Fitch's key assumptions within our rating case for the issuer include:

- Zero tariff growth in 2016-2018

- Electricity production to increase below GDP growth

- Inflation-driven cost increase (including coal)

- Dividends of KZT8bn per year for 2016-2018

- Part of capex postponed to 2018-2019 from 2016-2017, while maintaining total amount in line with management guidance.

RATING SENSITIVITIES

Positive: Future developments that could lead to positive rating action include:

- Stronger parental support;

- Long-term predictability of the regulatory framework after 2015;

- A more diversified and efficient asset base.
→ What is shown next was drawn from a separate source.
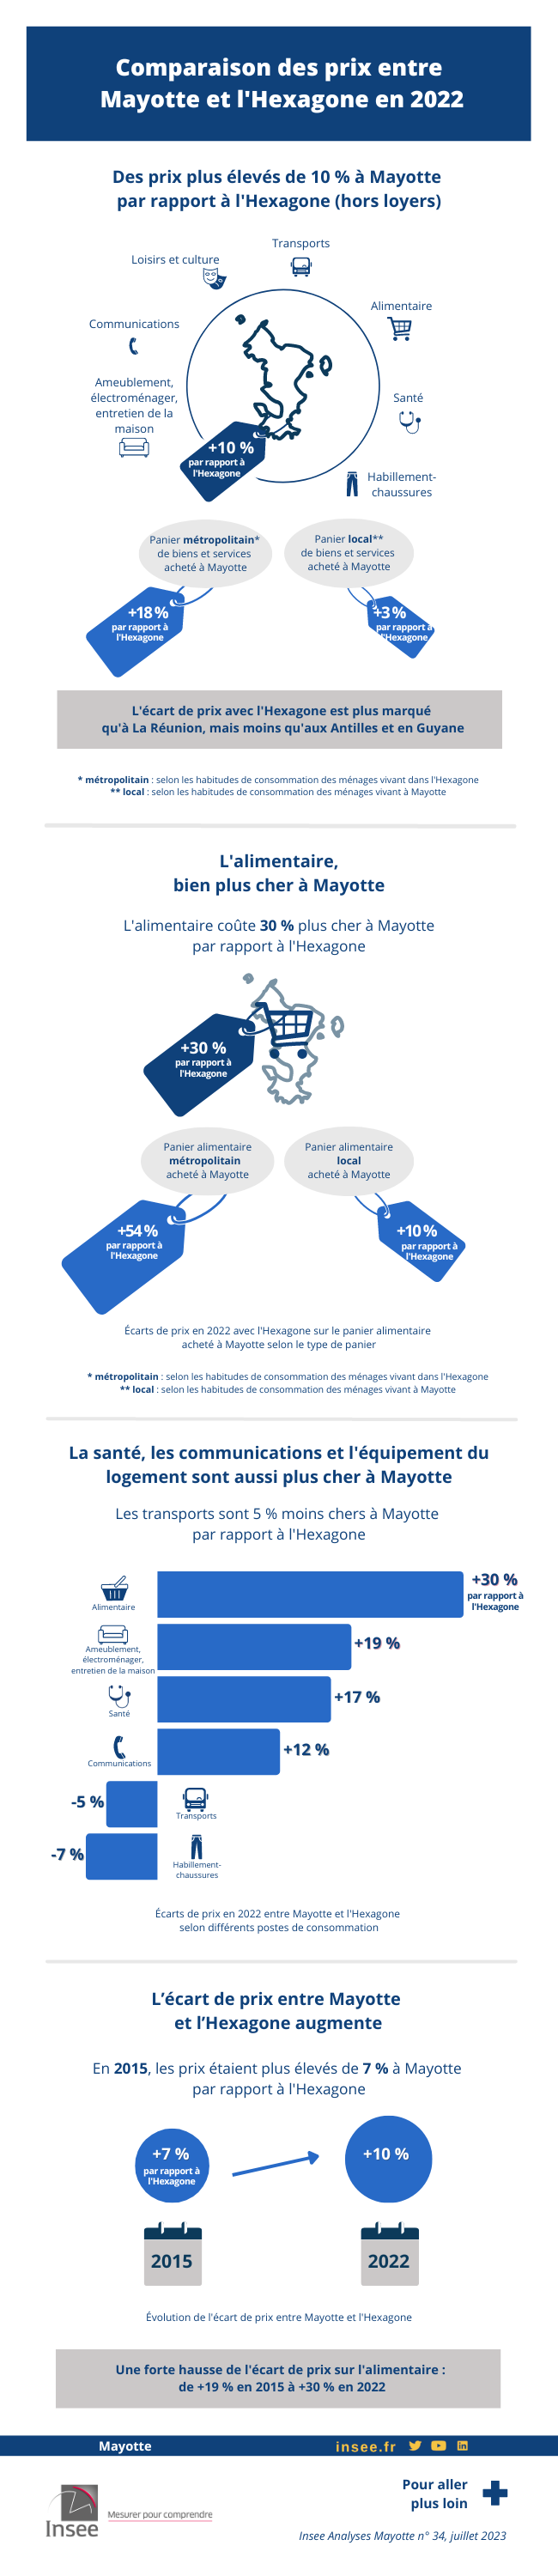 Comparaison des prix de Mayotte avec la France métropolitaine en 2022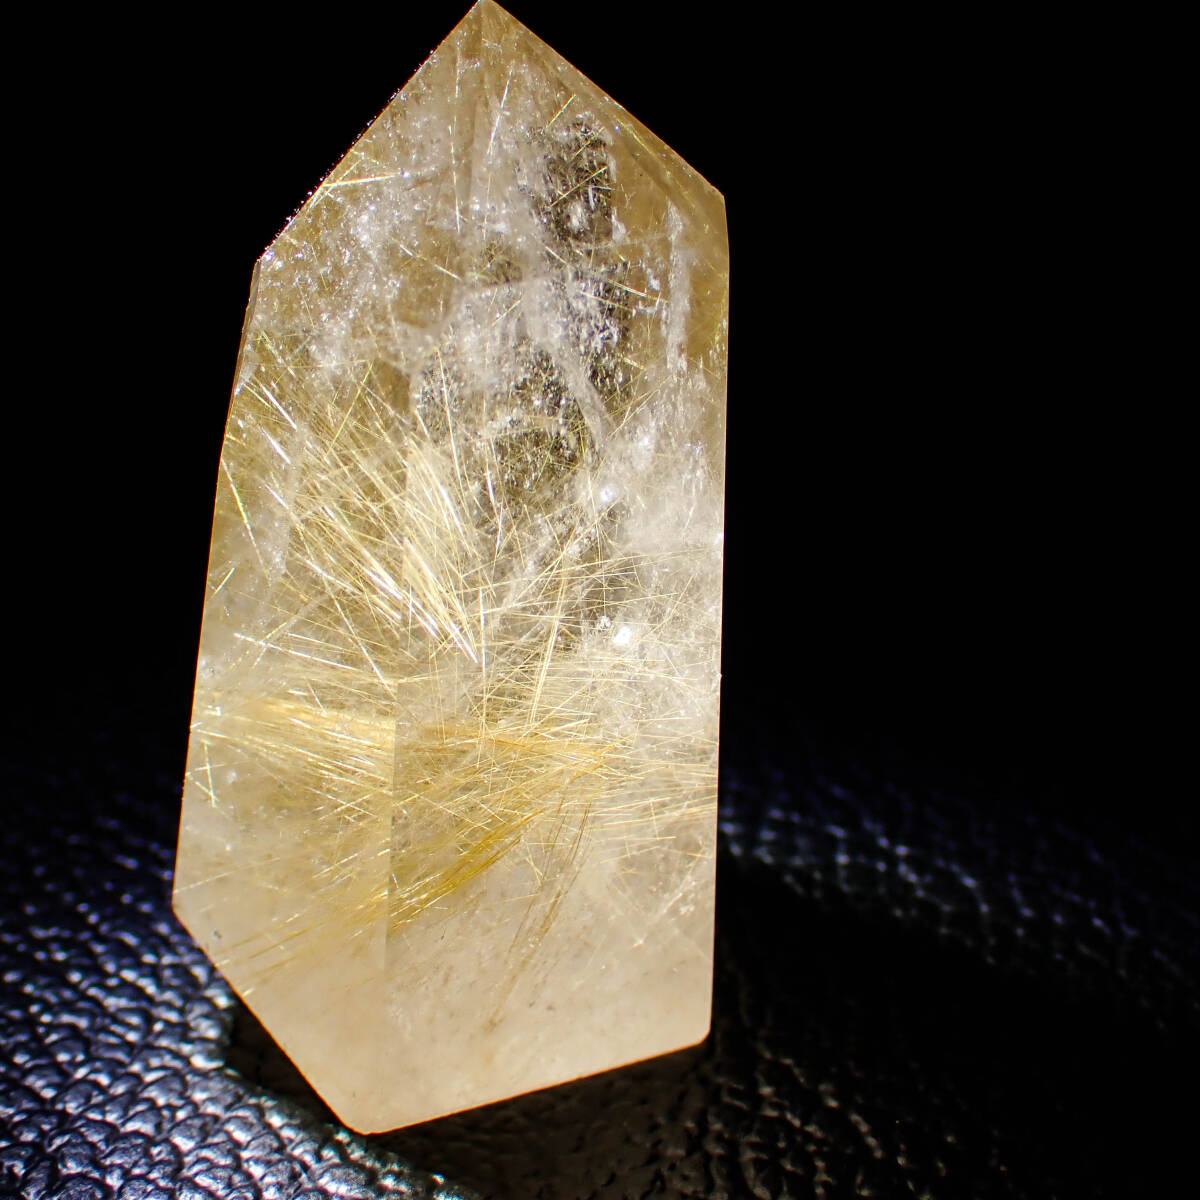  natural stone Taichi n Gold rutile 001 Point crystal gold circle sphere sphere crystal sphere feng shui health raw ore rutile quartz Power Stone

Negative: Future developments that could lead to negative rating action include:

- Weaker parental support, especially regarding short-term liquidity provision and refinancing backstop. Inability to refinance existing loans and to raise new debt to cover cash shortfall in 2016;

- FFO-adjusted gross leverage persistently higher than 2x and FFO interest coverage below 4x, for instance, due to a substantially above-inflation increase in coal price and/or tariffs materially lower than our forecasts;

- A substantial increase in coal price without a full pass-through to power price;

- Committing to capex without sufficient available funding, worsening overall liquidity position.

LIQUIDITY AND DEBT STRUCTURE

Fitch views Ekibastuz GRES-1's liquidity as weak but manageable. At end-9M15 Ekibastuz GRES-1 had cash and cash equivalents of KZT1.1bn vs. short-term debt of KZT35bn. Outstanding debt is represented by a KZT23bn loan from Sberbank (BBB-/Negative) and a KZT12bn loan from Halyk Bank of Kazakhstan (BB/Stable) carrying a 14% interest rate.

All debt facilities are due in April-May 2016, creating refinancing risks for the company. Ekibastuz GRES-1 anticipates refinancing these loans with a bond issue or a loan. The parent has confirmed to Fitch its ability and willingness to provide liquidity to Ekibastuz GRES-1 on a timely basis for the subsidiary's debt maturities.

FULL LIST OF RATING ACTIONS

Long-term foreign currency IDR affirmed at 'BB+', Outlook Stable Long-term local currency IDR affirmed at 'BB+', Outlook Stable National Long-term Rating affirmed at 'AA-(kaz)', Outlook Stable Expected local currency senior unsecured rating on the proposed KZT20bn notes affirmed at 'BB+(EXP)' Expected National senior unsecured rating assigned on the proposed KZT20bn notes affirmed at 'AA-(kaz) (EXP)".